Re: [PATCH V3] sched/fair: Interleave cfs bandwidth timers for improved single thread performance at low utilization

From: shrikanth hegde
Date: Fri Feb 24 2023 - 01:28:20 EST




On 2/24/23 7:19 AM, Hillf Danton wrote:
> On Fri, 24 Feb 2023 00:29:18 +0530 Shrikanth Hegde <sshegde@xxxxxxxxxxxxxxxxxx>
>> @@ -5923,6 +5923,10 @@ void init_cfs_bandwidth(struct cfs_bandwidth *cfs_b)
>> INIT_LIST_HEAD(&cfs_b->throttled_cfs_rq);
>> hrtimer_init(&cfs_b->period_timer, CLOCK_MONOTONIC, HRTIMER_MODE_ABS_PINNED);
>> cfs_b->period_timer.function = sched_cfs_period_timer;
>> +
>> + /* Add a random offset so that timers interleave */
>> + hrtimer_set_expires(&cfs_b->period_timer,
>> + get_random_u32_below(cfs_b->period));
>> hrtimer_init(&cfs_b->slack_timer, CLOCK_MONOTONIC, HRTIMER_MODE_REL);
>> cfs_b->slack_timer.function = sched_cfs_slack_timer;
>> cfs_b->slack_started = false;
>> --
>> 2.31.1
>
> Could you specify what sense this makes, given hrtimer_forward_now() in
> start_cfs_bandwidth() and sched_cfs_period_timer(), which makes the
> timer expire after now? Why does the randomness at init time play a role
> at start time and run time?

Currently, Initial value is not set for period_timer. Expiry is calculated as
expiry = $INITIAL_EXPIRYVALUE + $N * $PERIOD

Hence, when there are two or more CPU cgroup's using bandwidth controller,
two period_timers would align at expiry.

Adding a random offset play a role only at the start time, and no impact on the
run time.

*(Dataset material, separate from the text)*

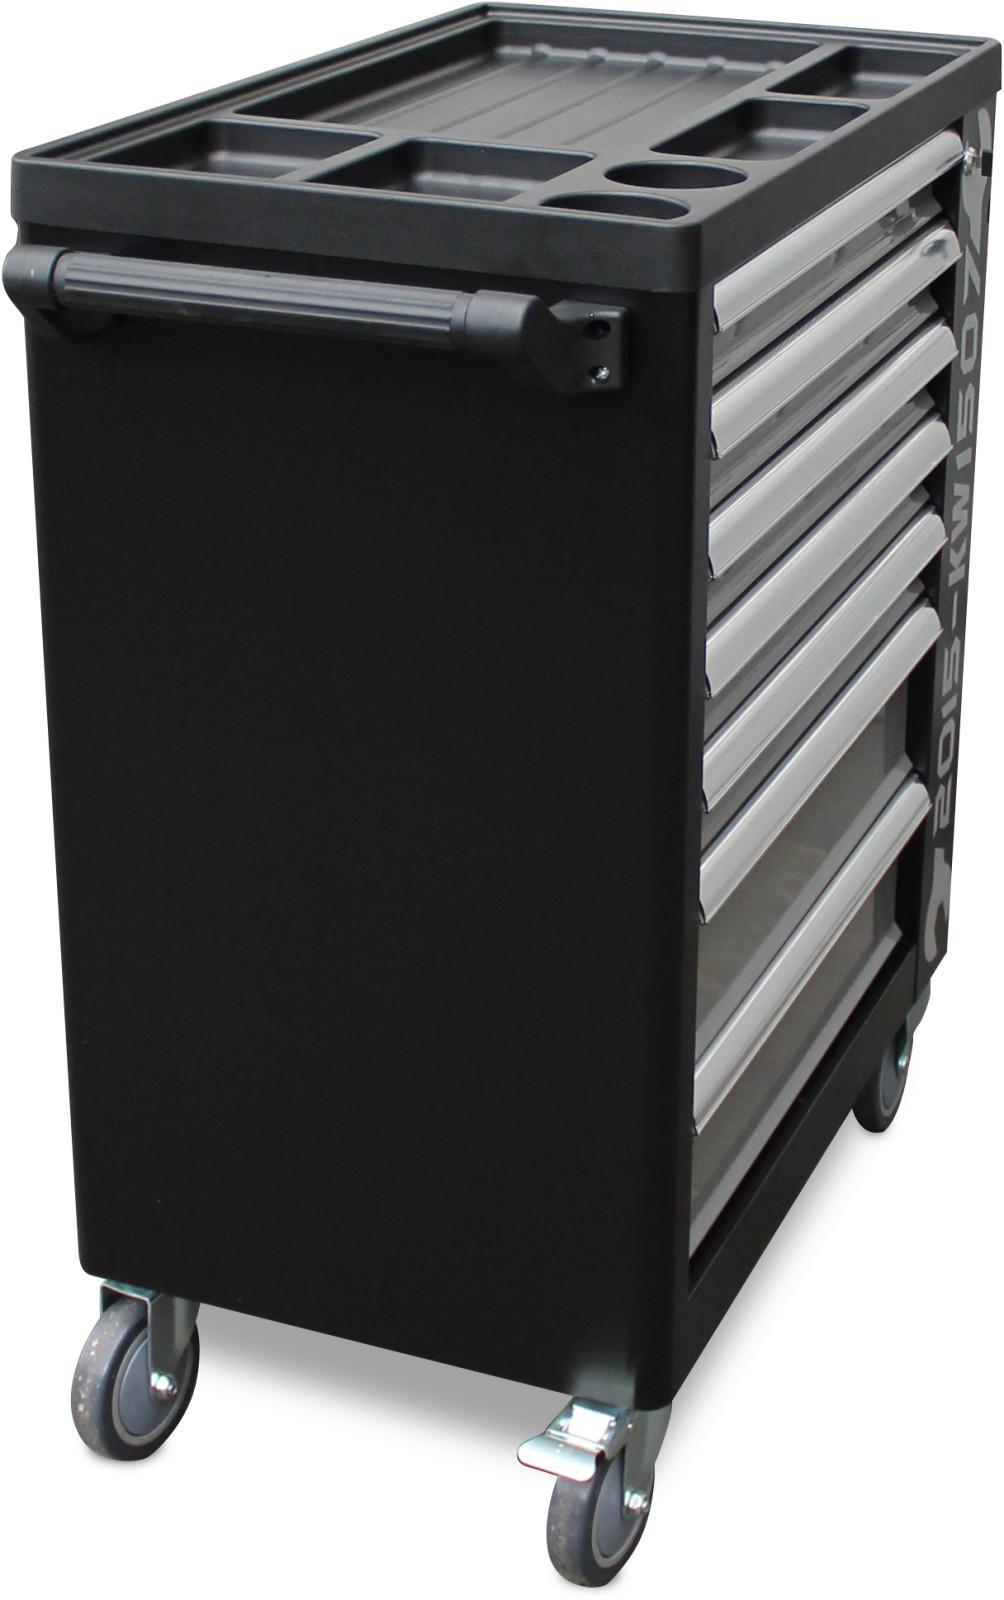 werkstattwagen inkl werkzeug werkzeugkiste werkzeugwagen werkzeugkasten box. Black Bedroom Furniture Sets. Home Design Ideas

By adding offset, the different period_timer interleave, and we would get
the benefit of SMT folding, less context switch's and less hypervisor preemptions.

More details are in RFC PATCH:
https://lore.kernel.org/lkml/9c57c92c-3e0c-b8c5-4be9-8f4df344a347@xxxxxxxxxxxxxxxxxx/